EXERCISE DETAILS: Each line from the one with "La Palma round" through the end of the records below should be transcribed exactly, and each picture should be skipped.

[Collection entries]

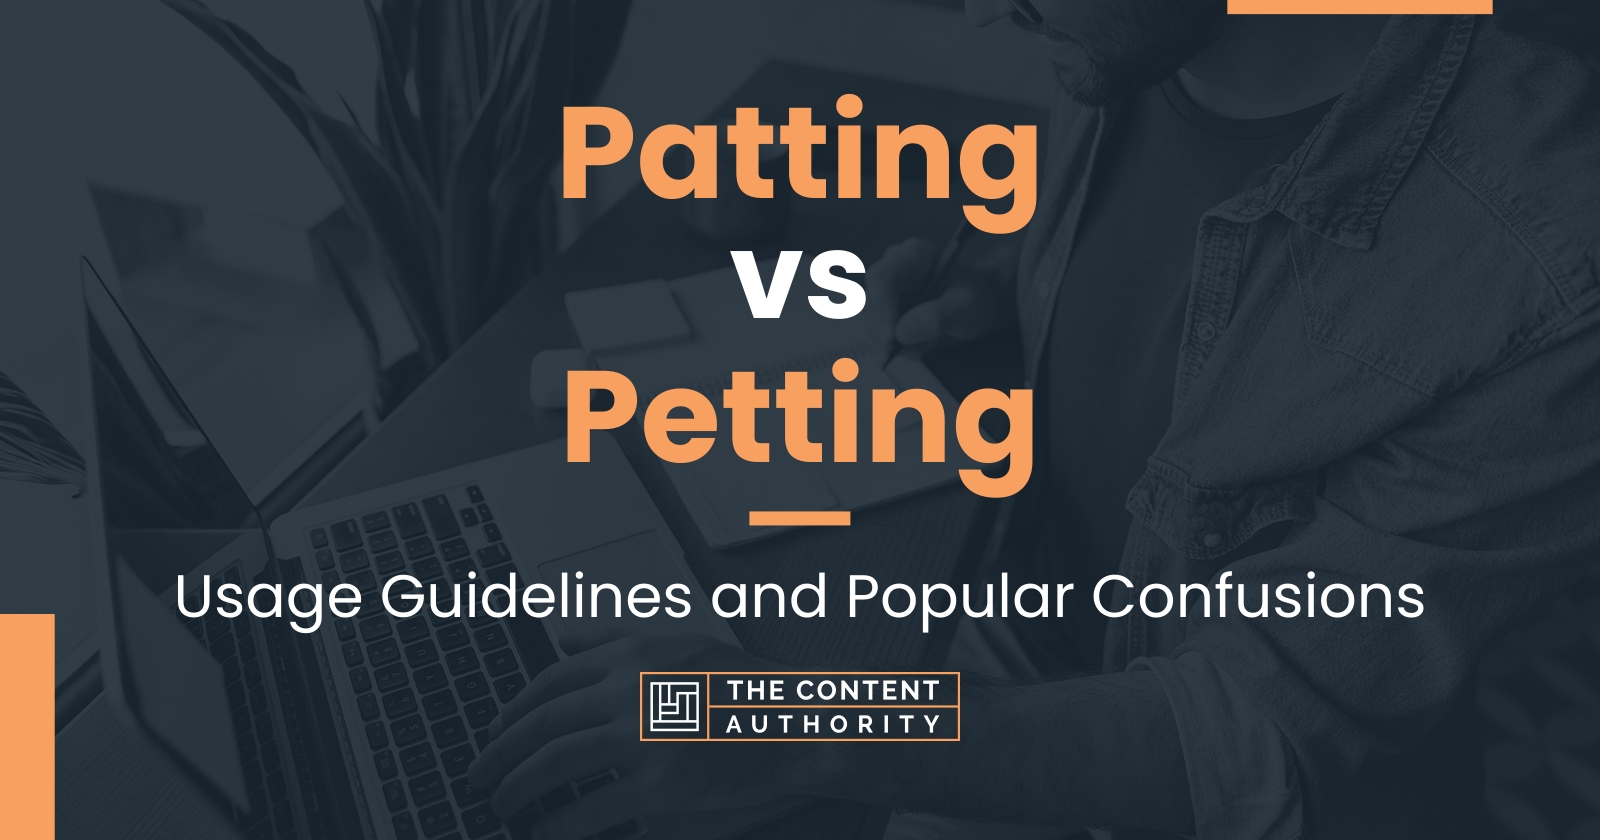 Patting vs Petting: Usage Guidelines and Popular Confusions
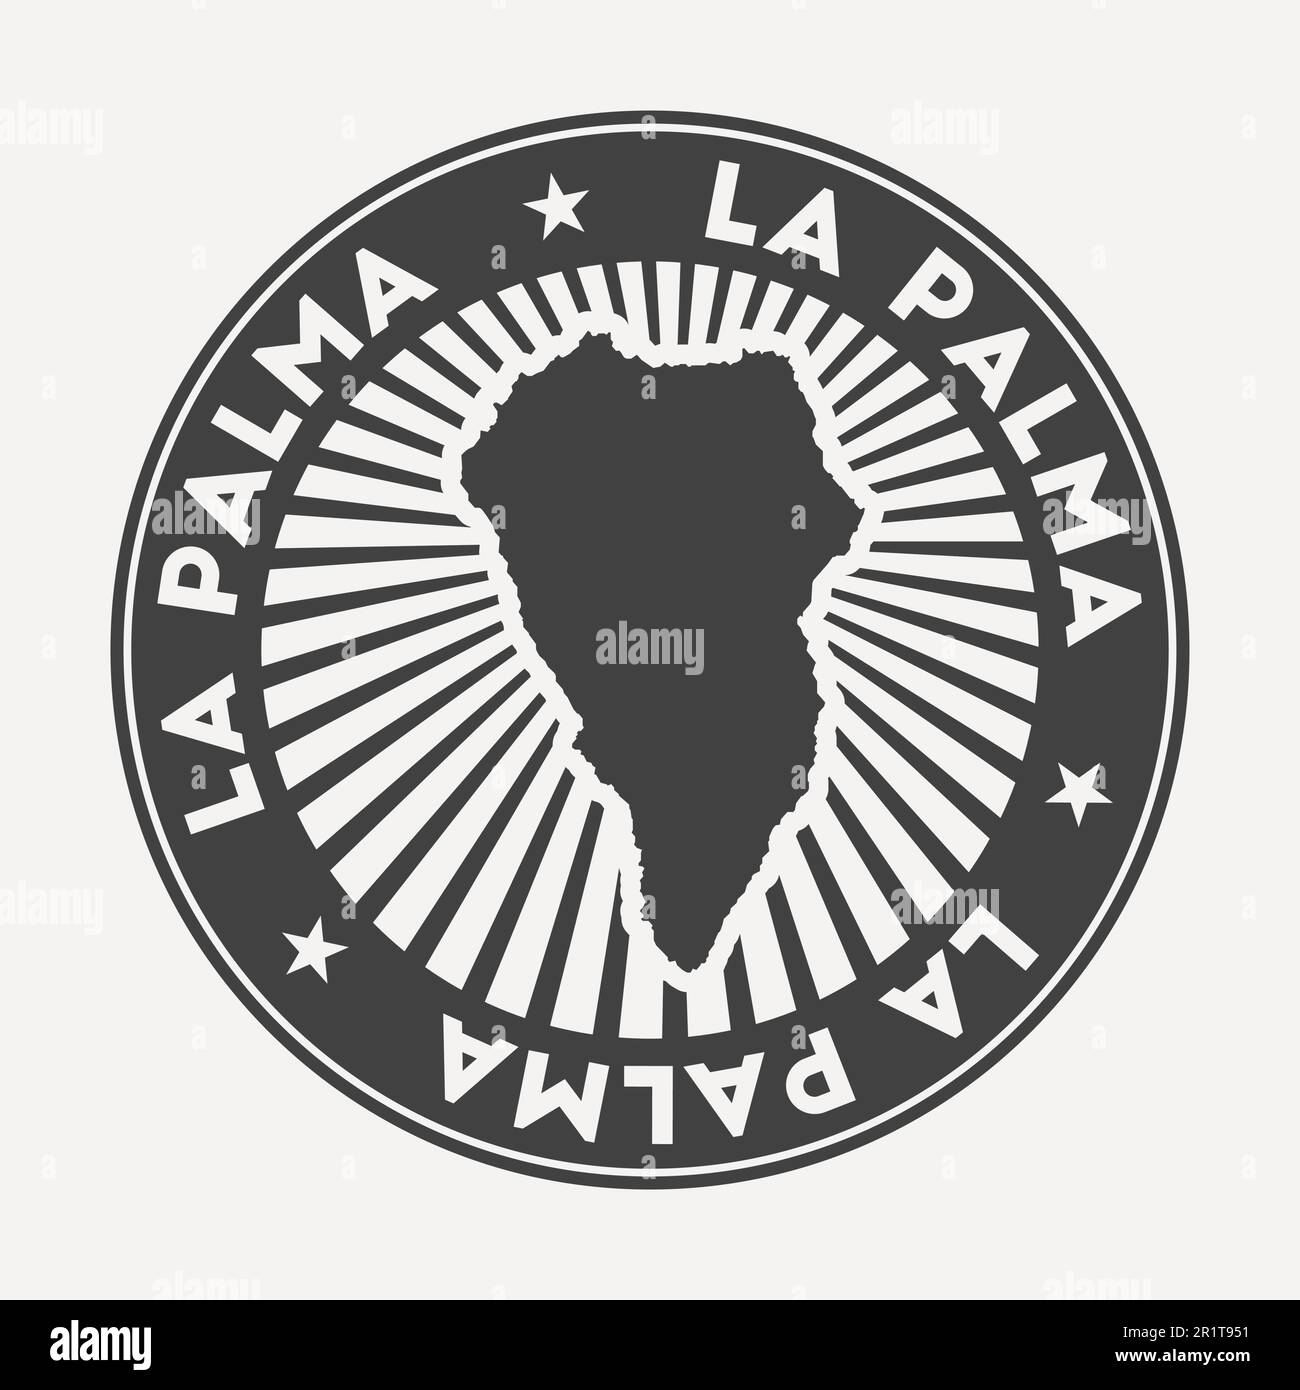 La Palma round logo. Vintage travel badge with the circular name and map of island, vector illustration. Can be used as insignia, logotype, label, sti Stock Vector
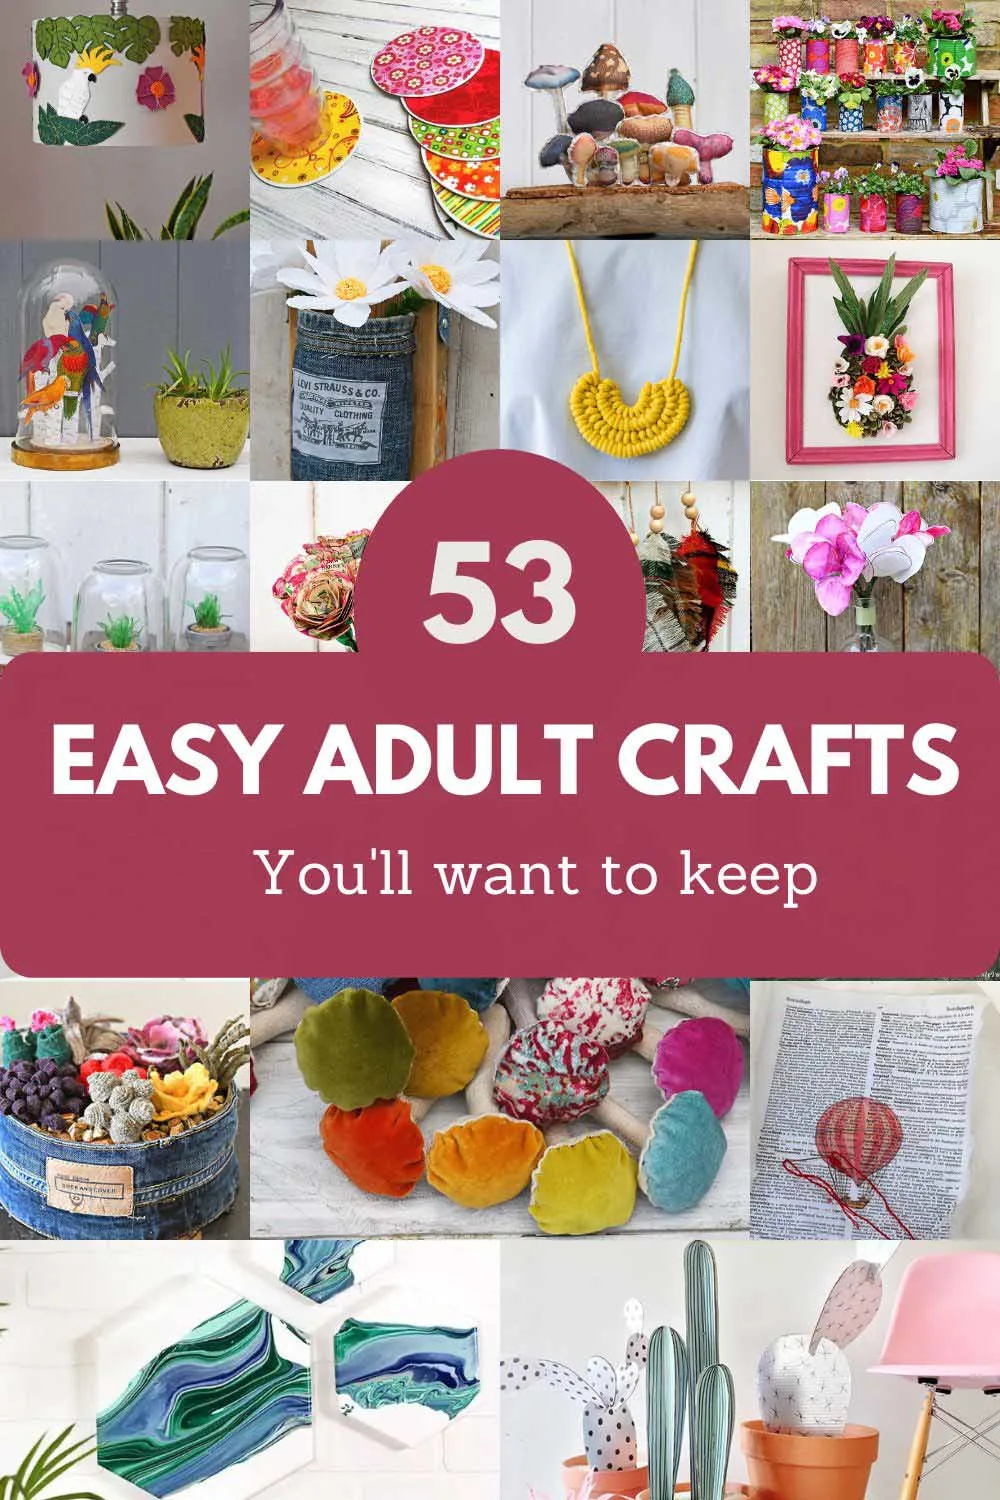 Adult Craft Ideas: lots of crafts for adults  Diy crafts for adults, Crafts,  Adult crafts
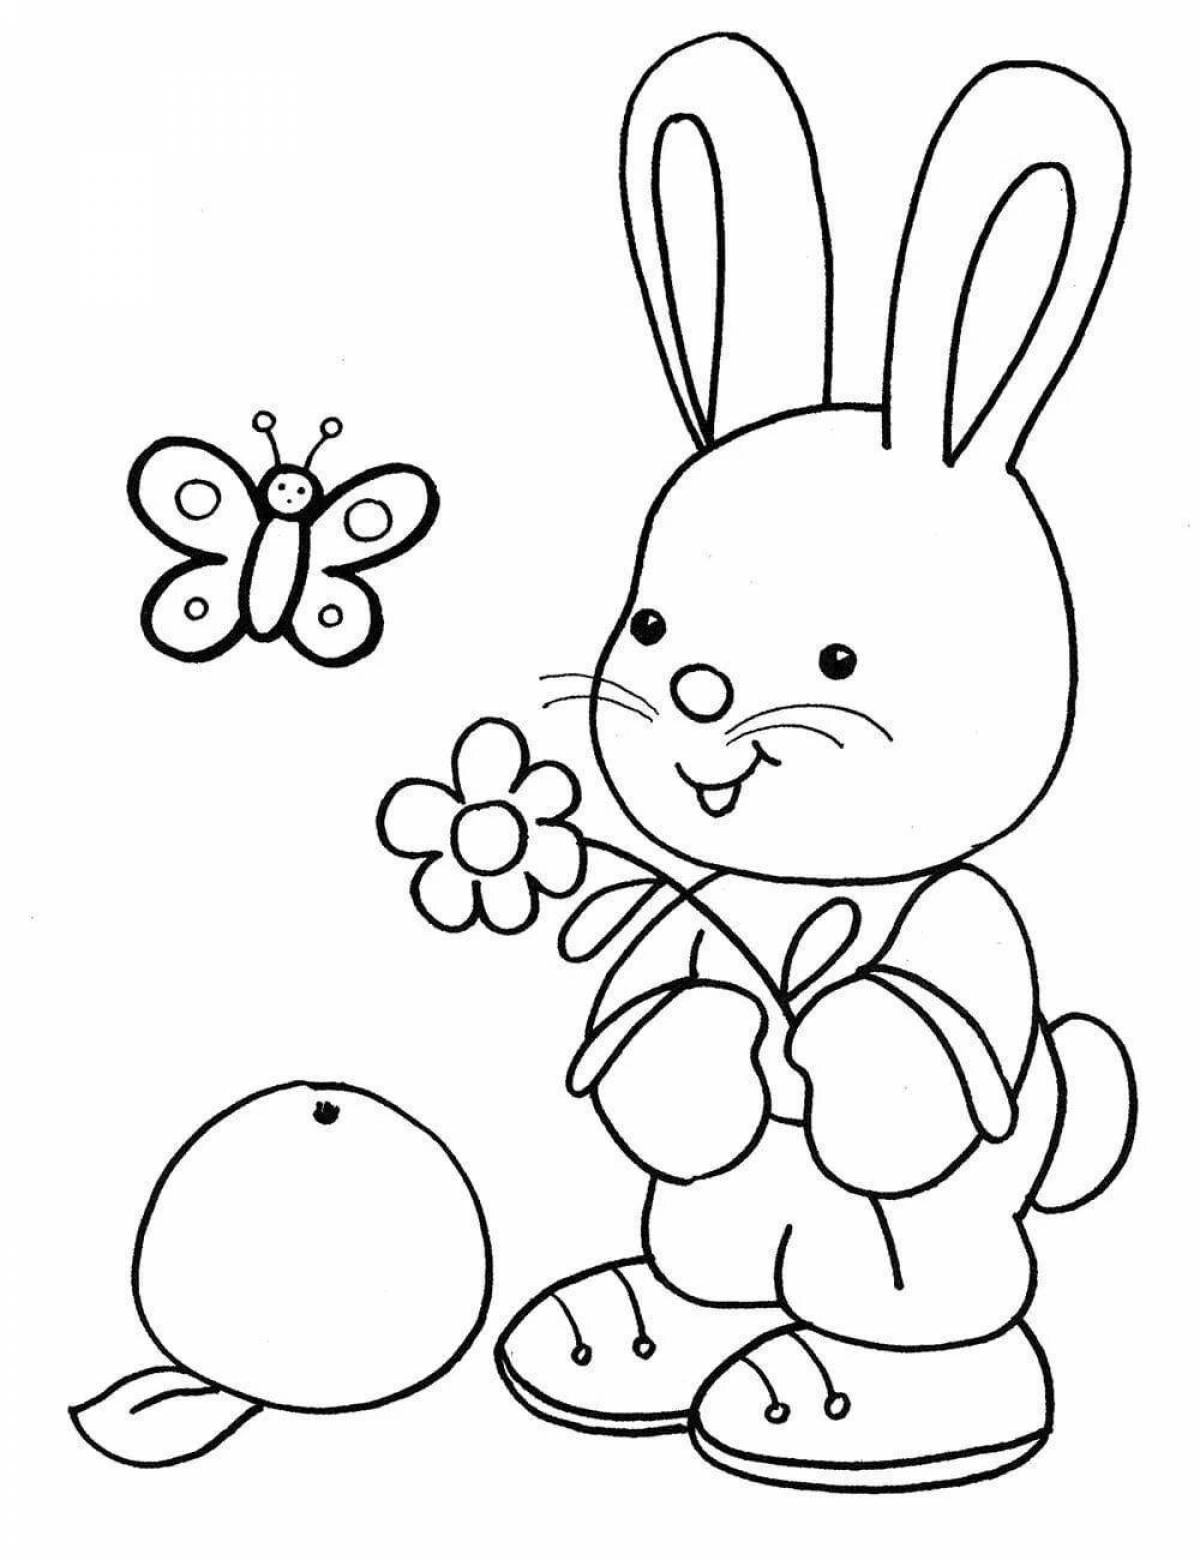 Coloring hare for games for children
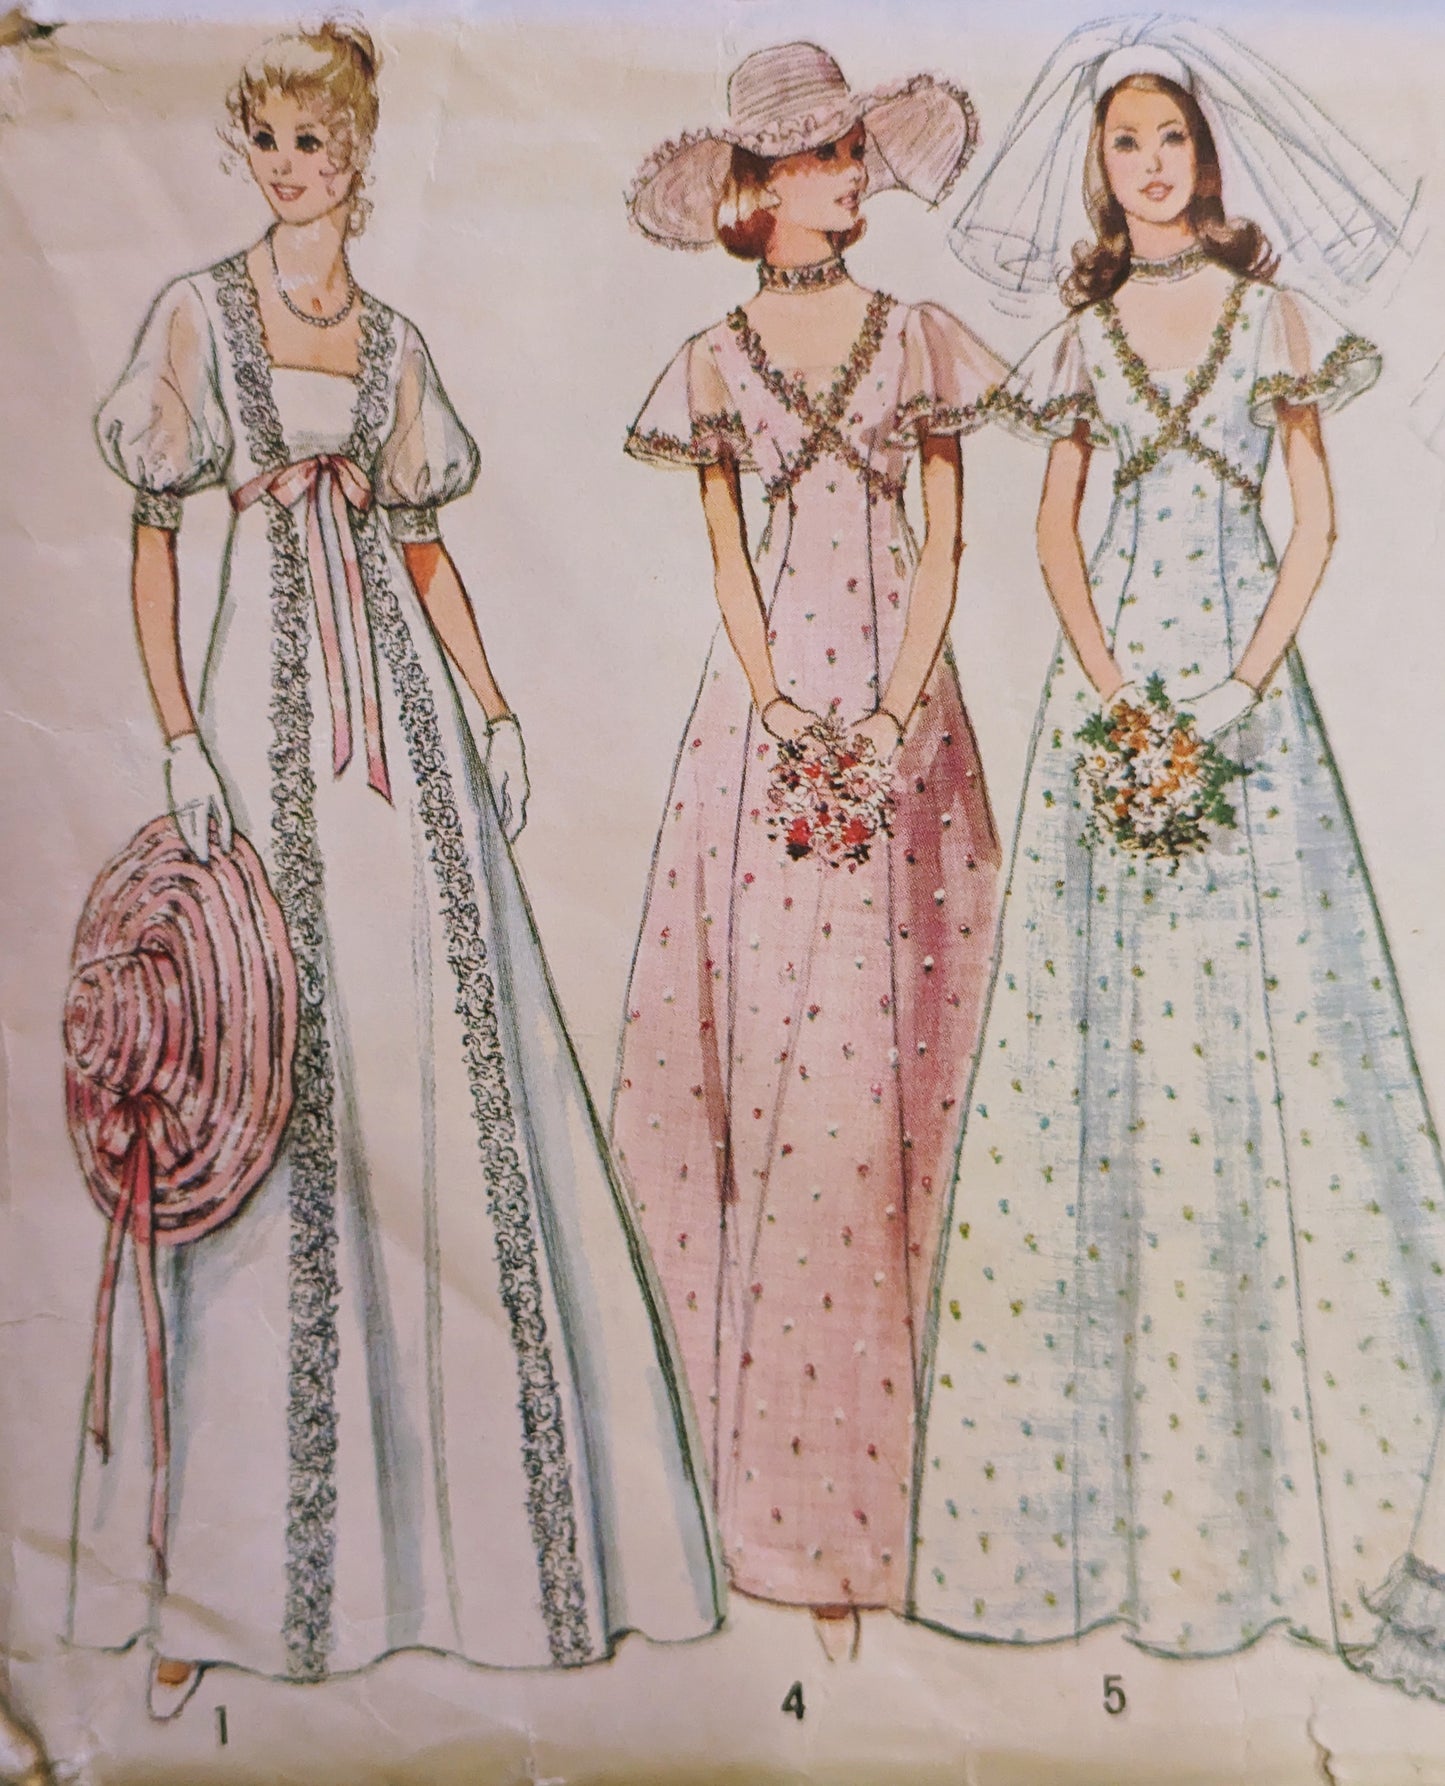 1974 Simplicity #6399 Gunne Sax Style Wedding and Bride's Maid Prairie Cottage Dresses | Sewing Pattern

RESPONSE TO THE TASK:
 La Palma round logo. Vintage travel badge with the circular name and map of island, vector illustration. Can be used as insignia, logotype, label, sti Stock Vector
 Adult Craft Ideas: lots of crafts for adults  Diy crafts for adults, Crafts,  Adult crafts
 Coloring hare for games for children
 1974 Simplicity #6399 Gunne Sax Style Wedding and Bride's Maid Prairie Cottage Dresses | Sewing Pattern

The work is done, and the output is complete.